But to say “Parasite” is about a poor family’s infiltration of a rich

family’s domestic labor force is like saying, for instance, Boots Riley’s
“Sorry to Bother You” is about telemarketing. Both of these capitalist
critiques resist the chokehold of synopsis, and are better described
in terms of the range of social issues they fearlessly depict and
deconstruct. In Riley’s film, this ranges from union organizing to racial
discrimination, from violence in the media to corporate violations
against human rights. Bong juggles a range of issues as well — the
widening gap between rich and poor, class consciousness (or the lack
thereof), environmental catastrophe — but all through the lens of class
relations.
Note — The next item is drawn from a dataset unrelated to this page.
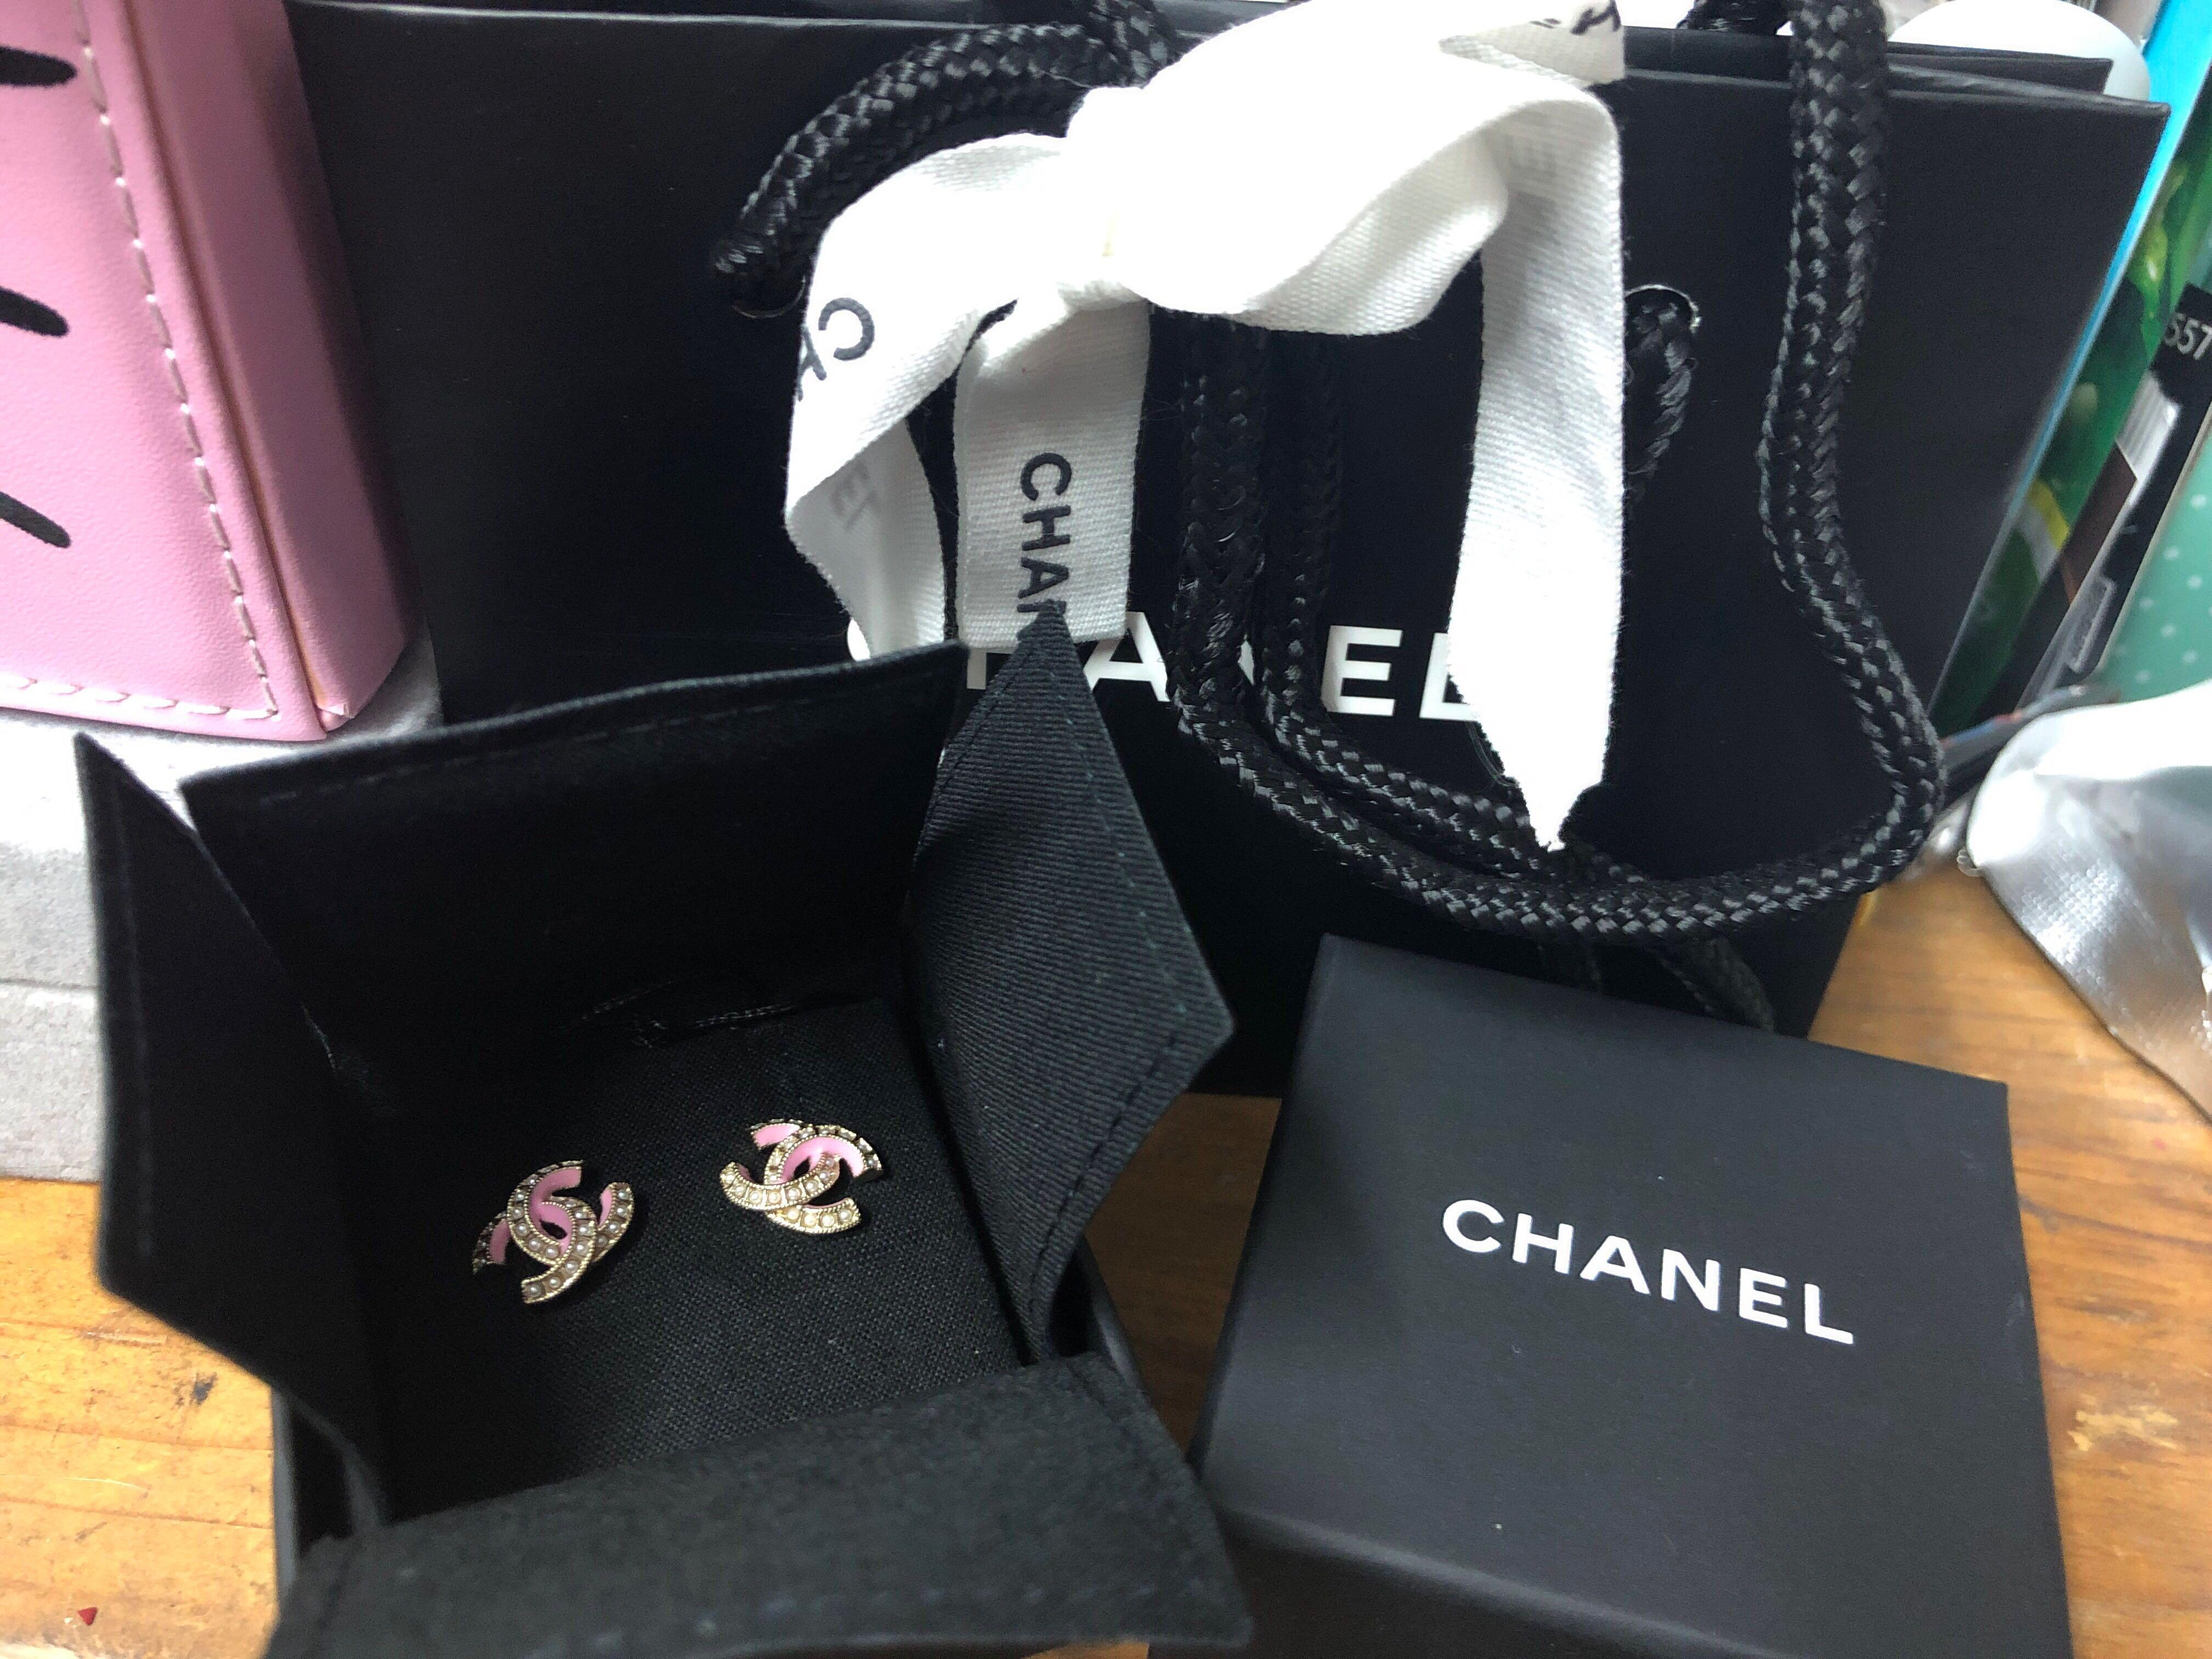 Chanel 耳環 2019 Chanel earrings  Chanel粉紅色珍珠耳環

And as these lists may imply, a characteristic of this new wave
of films is intersectionality: awareness of how the seemingly incidental
are interrelated, of how forms of marginalization converge, by no
accident, on the same targets.

While that may sound like a recipe for allegory (how better to
balance many competing conflicts than to metaphorize, to branch
out to both figurative and literal terrain?), directors like Bong resist
clearly signaling what we’re supposed to take as realism versus what
is metaphorical. On the one hand, that makes for a troubling viewer
experience. One sequence in particular comes to mind: when the Kim
family thinks they have the Park mansion all to themselves while the
Parks are out of town. While they luxuriate in the Parks’ food and

drink, Chung-sook makes a dark joke, that in spite of the power they
feel themselves to possess in that moment, the four of them would
scatter like cockroaches if they were caught. It’s hard to know what to
make of the next scene, then, that disturbingly fulfills her prediction, as
the Parks come back home unexpectedly and the Kims crawl under and
out from tables in order to escape unnoticed.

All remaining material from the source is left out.